Predictive abilities under different numbers of GWAS informative SNPs and SNPs randomly selected by GBLUP

Discussion

This research evaluated the performance of using genomic selection to predict breeding values for yellow drum, which provides a reference for future breeding programs. The study also successfully estimated the genetic parameters for 7 traits using genome-wide SNPs, which provides direct and accurate information to build kinship among individuals, and thus leads to accurate estimates for genetic parameters. Though heritability is usually estimated with pedigree information, by which the kinship among individuals can be built, it is very hard to get for yellow drum and they are also less accurate than using SNPs. The heritability estimates of BL, BH, and GWI, are 0.843, 0.704, and 0.773, respectively, and it seems that they are higher than expected value (0.4~0.6). Nevertheless, the 99% confidence intervals of the estimates are (0.457, 1), (0.330, 1), and (0.412, 1), respectively (obtained from the estimated heritability plus and minus two times of the standard error), showing that they include the expected value (0.4~0.6), suggesting the estimated heritability is within a statistically acceptable scope. In another hand, we only used a small number of fish (371) in this study and they were the offspring of several parents, maybe not representative for the whole population, and may lead to biased estimates for the heritability.
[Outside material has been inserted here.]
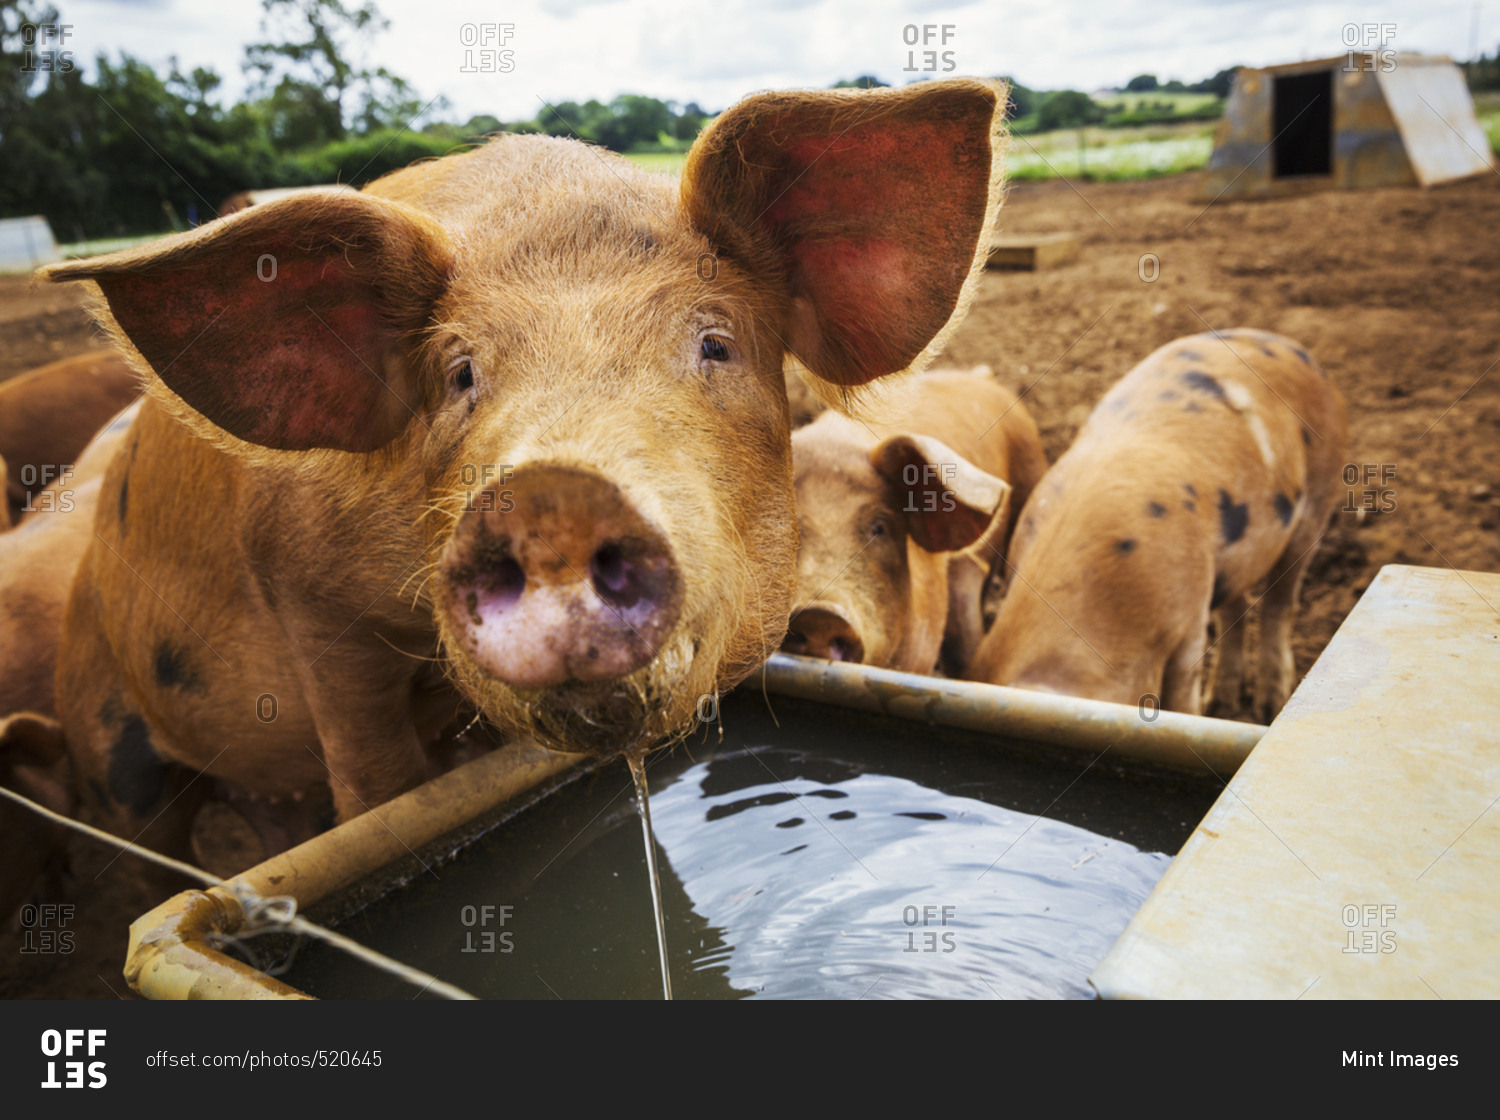 Three pigs in a field, one drinking from a trough.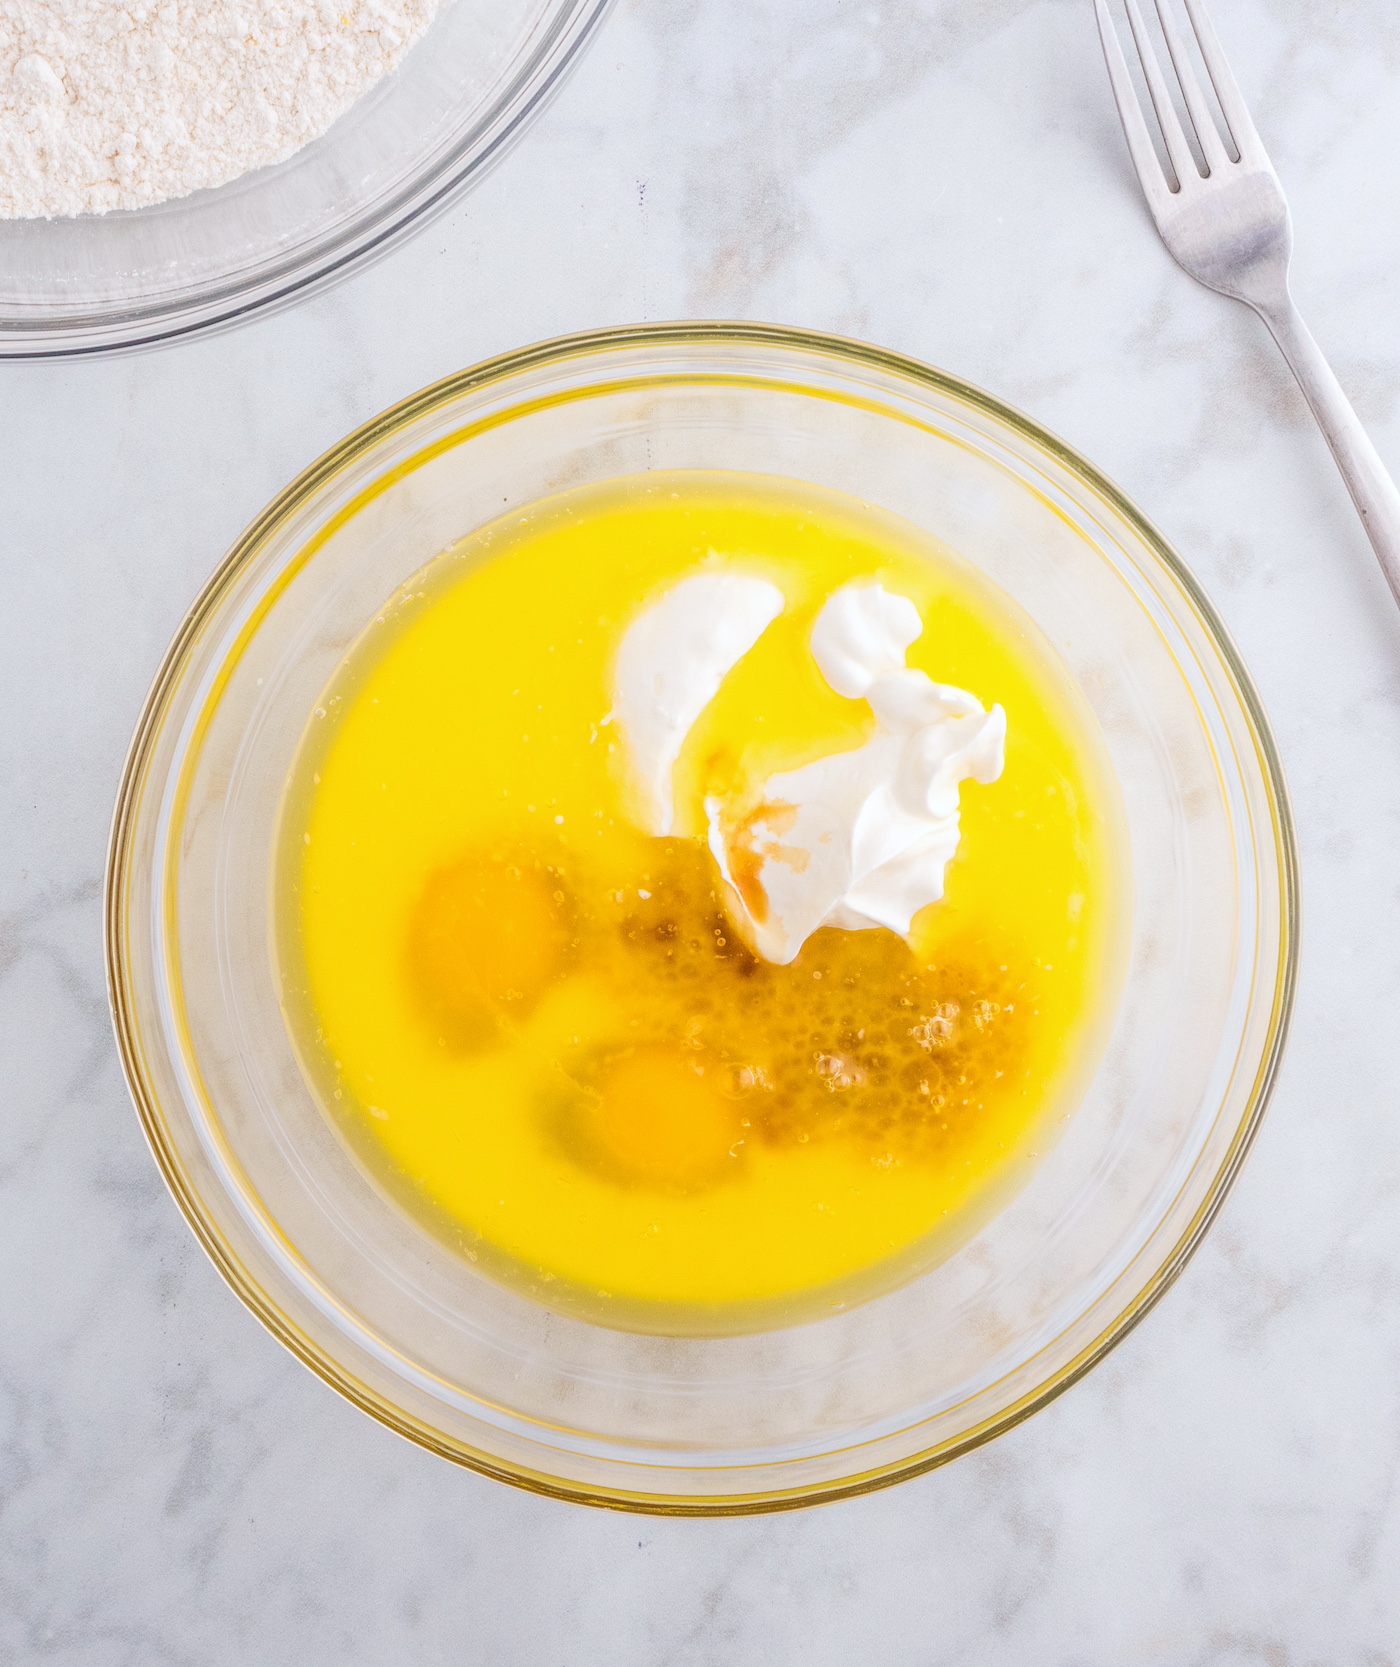 whisk together the melted butter, eggs, sour cream, milk, and vanilla extract

The ideal population for the estimates of the heritability is a balanced population that consists as many families with similar number of offspring.

We also tested the prediction performance of different methods, including Bayesian methods, GBLUP (Vanraden 2008), and modified CNN method of Ma et al. (2018), but none always gave the highest predictive ability for all the traits. This suggests that when applying genomic selection for genetic breeding, we need to evaluate various methods and then choose the most suitable one for a specific trait (Dong et al. 2016b).

The size of the population is the most important factor affecting the predictive abilities. In this research, we only generated very small reference population (~ 334 fish), which led to low predictive abilities. The research inferred the size of the reference population using the method from Daetwyler et al. (2008). We fit the linear equation mentioned in Supplementary Table 2 of this paper and found that if we aim to achieve 0.8 of the prediction accuracy, then it needs 3773, 4206, 3621, 4606, 1640, 1702, and 2116 fish for BL, LHR, SBI, SBW, BT, BH, and GWI, respectively (see supplementary for detailed calculation). Another factor that affects the prediction ability is the genotyping methods. We used the GBS technique for SNP genotyping and generated ~ 50,000 SNPs, but it is still not dense enough to cover causal mutations. Compared with it, whole-genome sequencing is probably able to further increase the prediction abilities. The last factor that affects the prediction accuracy is the statistical methods; we have applied seven statistical methods for genomic selection in this study, and the results showed that the performance among methods (ranging from 8.8 to 24.4%) varied greatly. This suggests that statistical method has an ineligible effect on genomic selection. Hopefully, some sophisticated methods will be developed in the future that is able to further increase the predictive ability and suitable for more traits.

To conveniently evaluate the performance of SNP sets for genomic selection, we only investigated on the GBLUP method (Vanraden 2008). We compared the GWAS-informative SNPs to randomly selected SNPs and showed that GWAS-informative SNPs could bring predictive abilities as close as those using whole-genome SNPs, and the number of informative SNPs required ranged from 5 to 3000 depending on the traits. This conclusion is generally consistent with that of Abed et al. (2018) and Dassonneville et al. (2011), suggesting that one can use only a small number of informative SNPs rather than whole-genome SNPs for selection, which would dramatically reduce breeding costs (Habier et al. 2009; Dong et al. 2016a; Song et al. 2019).